» **GIVEN DATA**
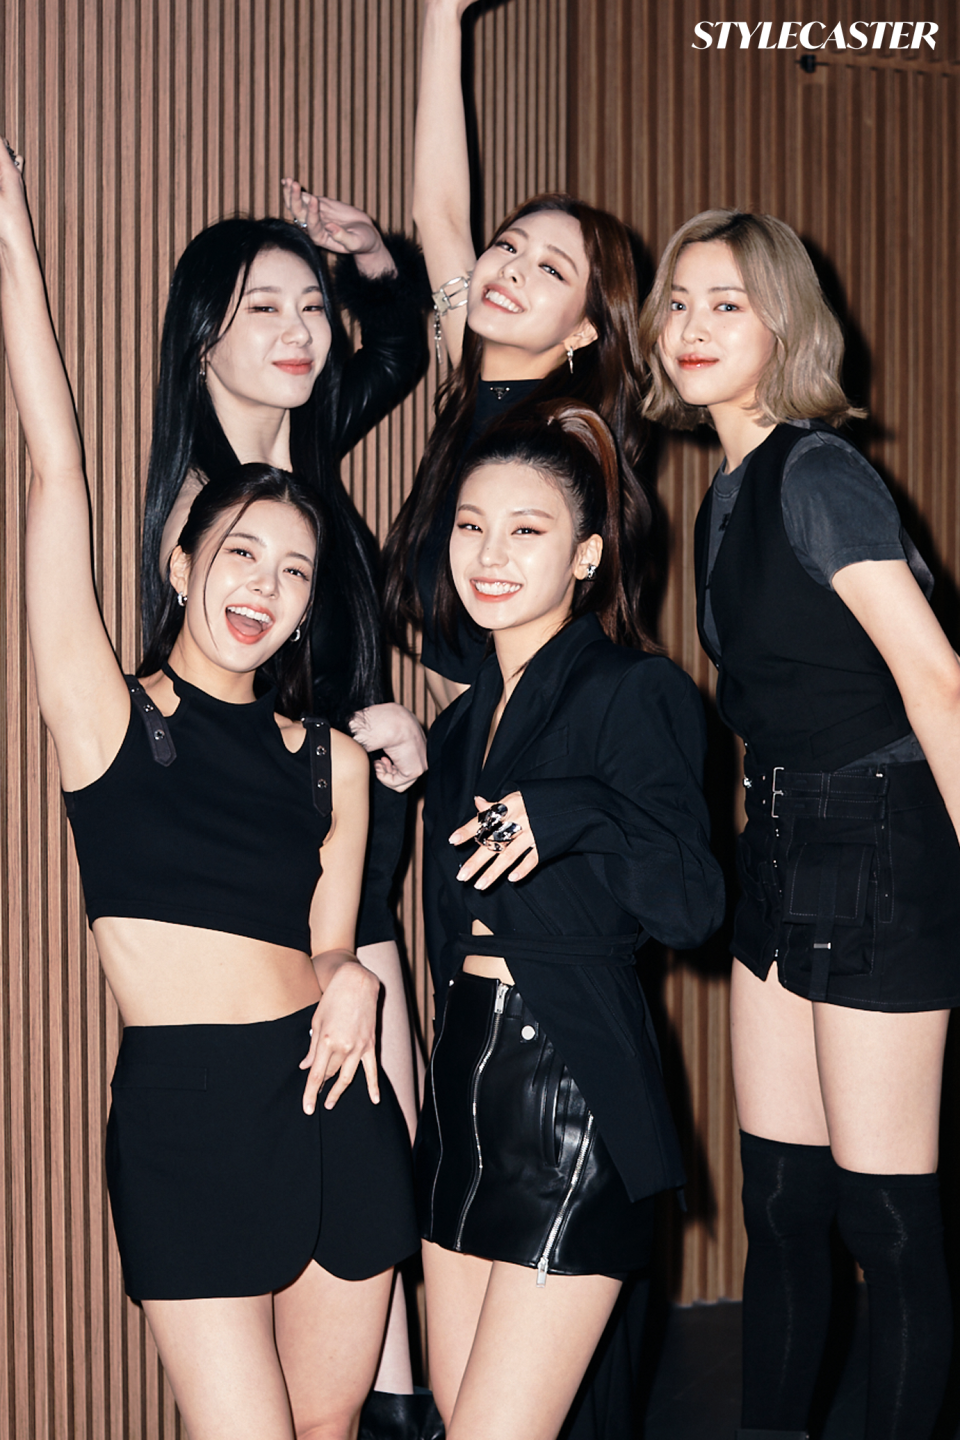 Pictured: (Left to Right) Top: CHAERYEONG, YUNA, RYUJIN Bottom: LIA, YEJI Image: Weston Wells for StyleCaster
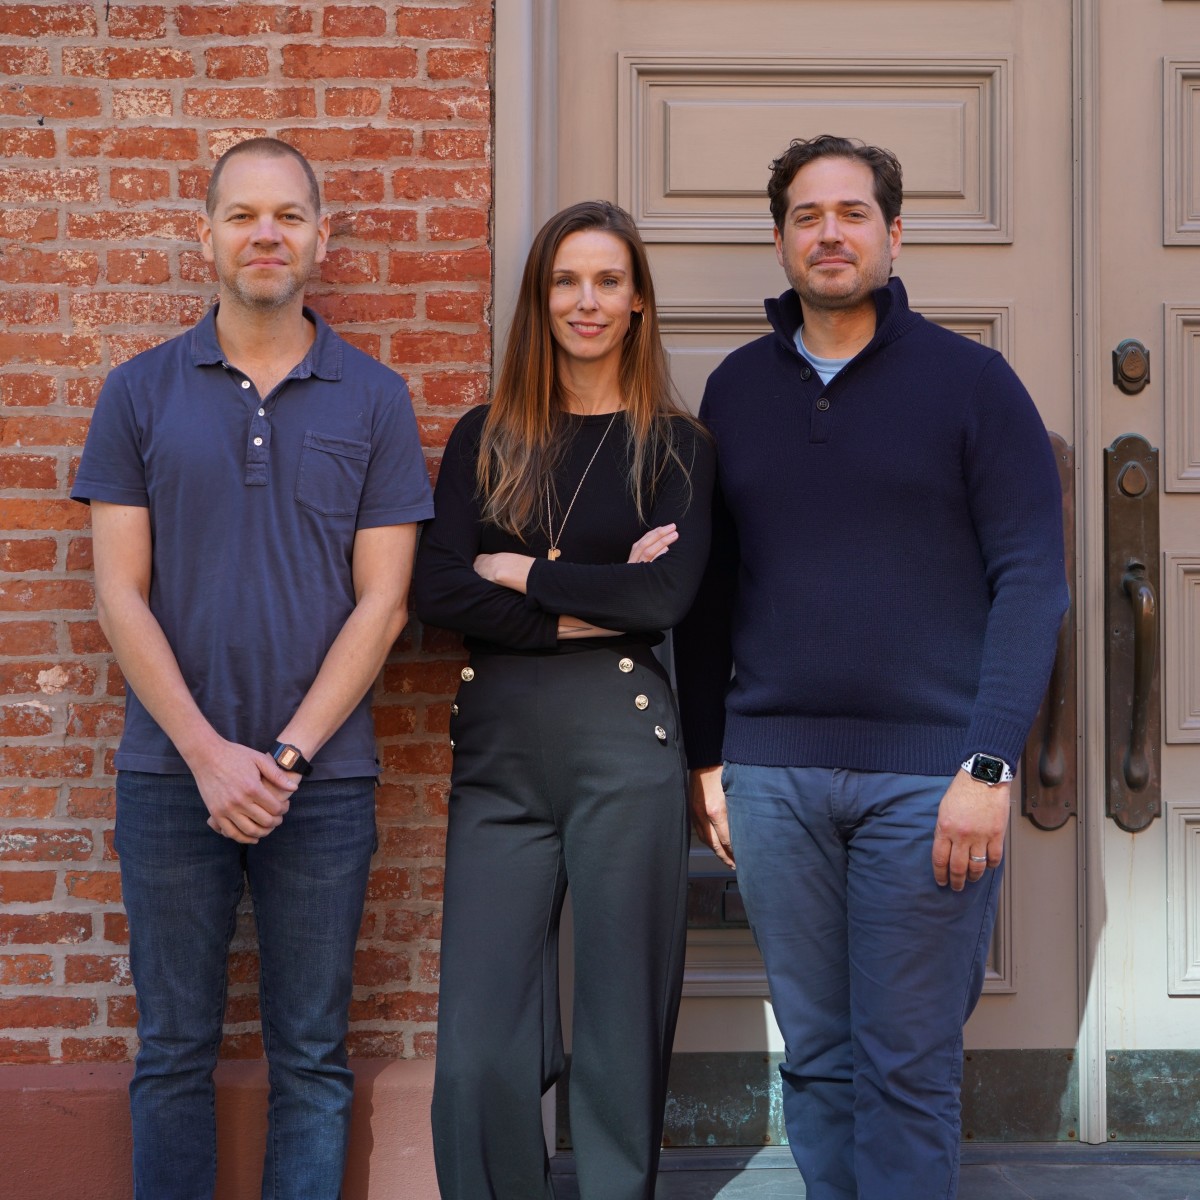 Fora Founders, Evan Frank, Henley Vazquez and Jake Peters leaning against building and smiling.
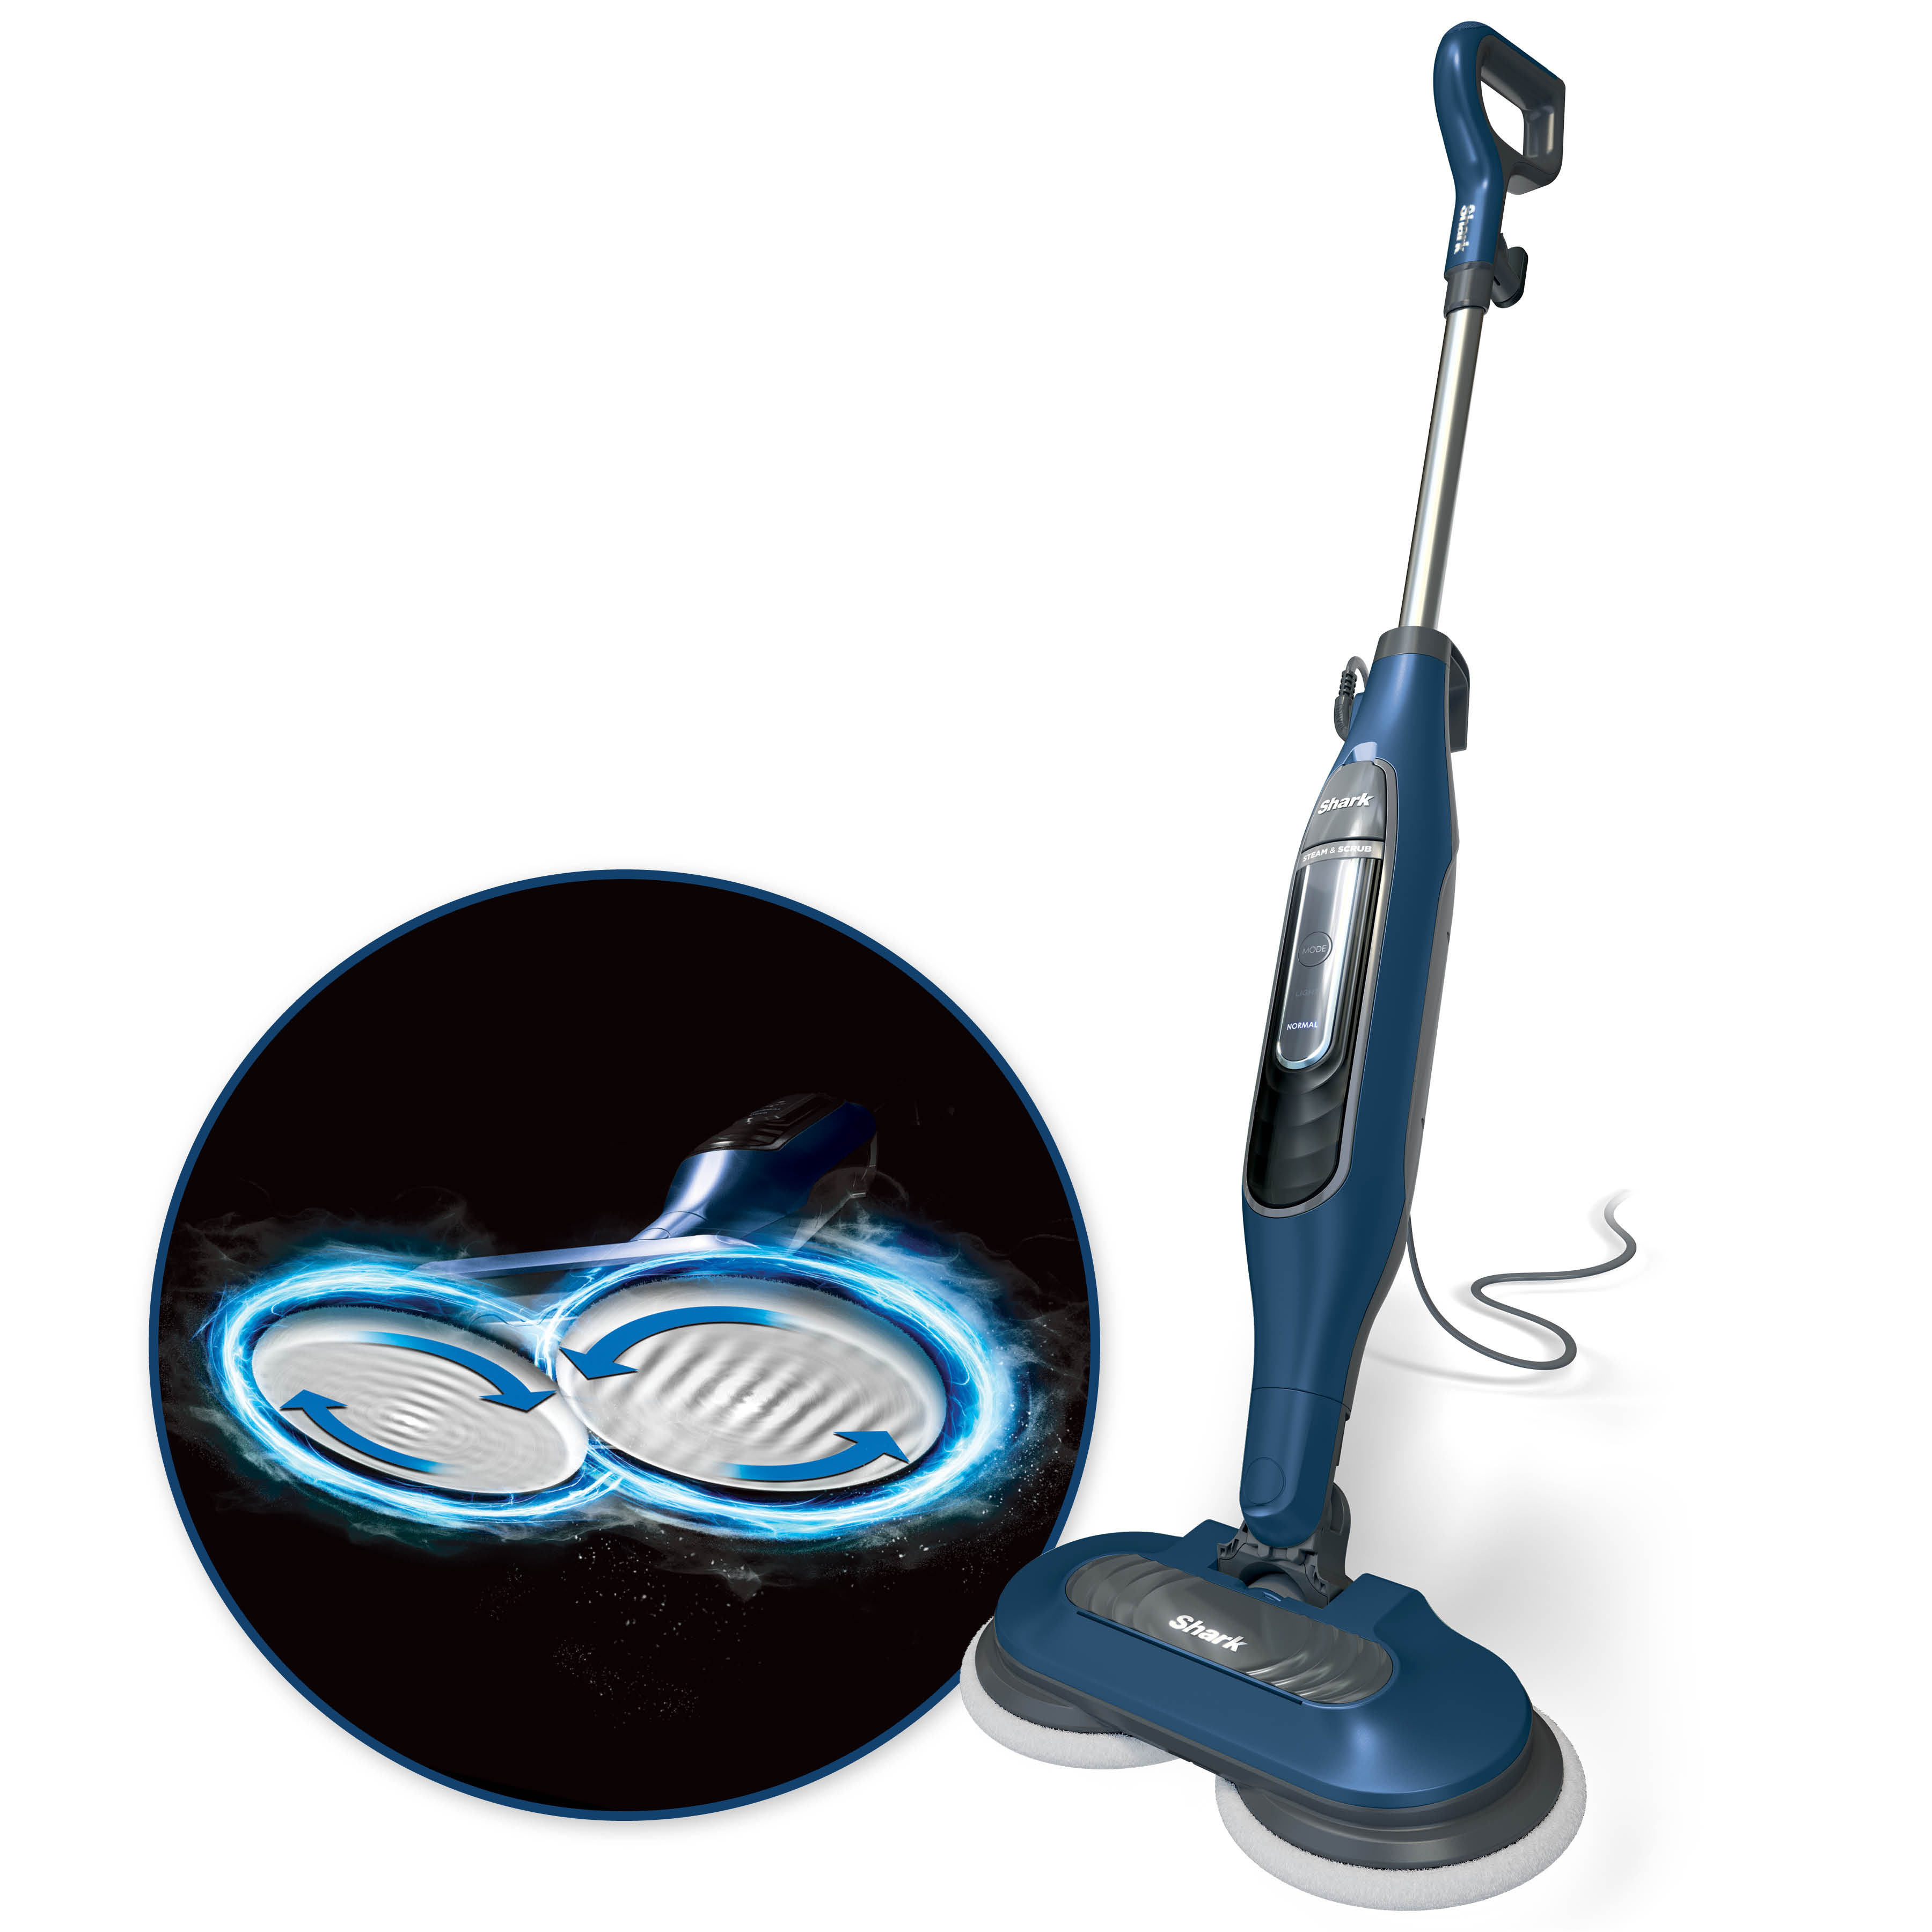 Shark® Steam & Scrub All-in-One Scrubbing and Sanitizing Hard Floor Steam Mop S7020 - image 1 of 13
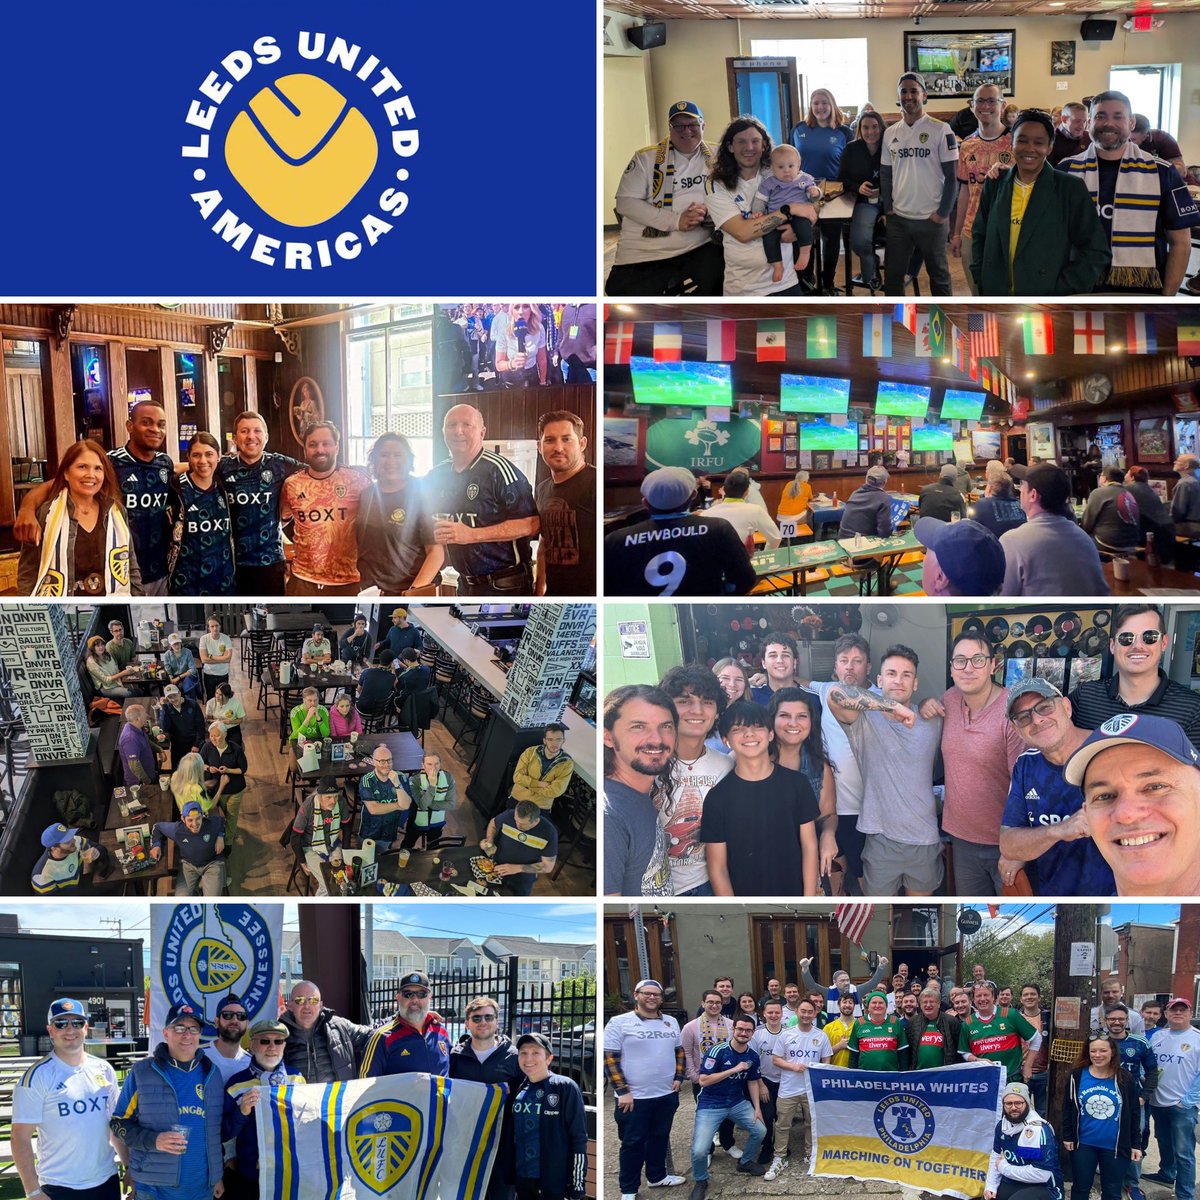 16 meetups across the US and Canada yesterday to watch the Coventry game. Sign up at luamericas.com/join for emails from your local group. New US groups coming soon!

» **ACTIVITY**
All of the material above goes into the copy exactly as is; the pictures do not.

» **REPLY TO THE EXERCISE**
 Pictured: (Left to Right) Top: CHAERYEONG, YUNA, RYUJIN Bottom: LIA, YEJI Image: Weston Wells for StyleCaster
 Fora Founders, Evan Frank, Henley Vazquez and Jake Peters leaning against building and smiling.
 Shark® Steam & Scrub All-in-One Scrubbing and Sanitizing Hard Floor Steam Mop S7020 - image 1 of 13
 16 meetups across the US and Canada yesterday to watch the Coventry game. Sign up at luamericas.com/join for emails from your local group. New US groups coming soon!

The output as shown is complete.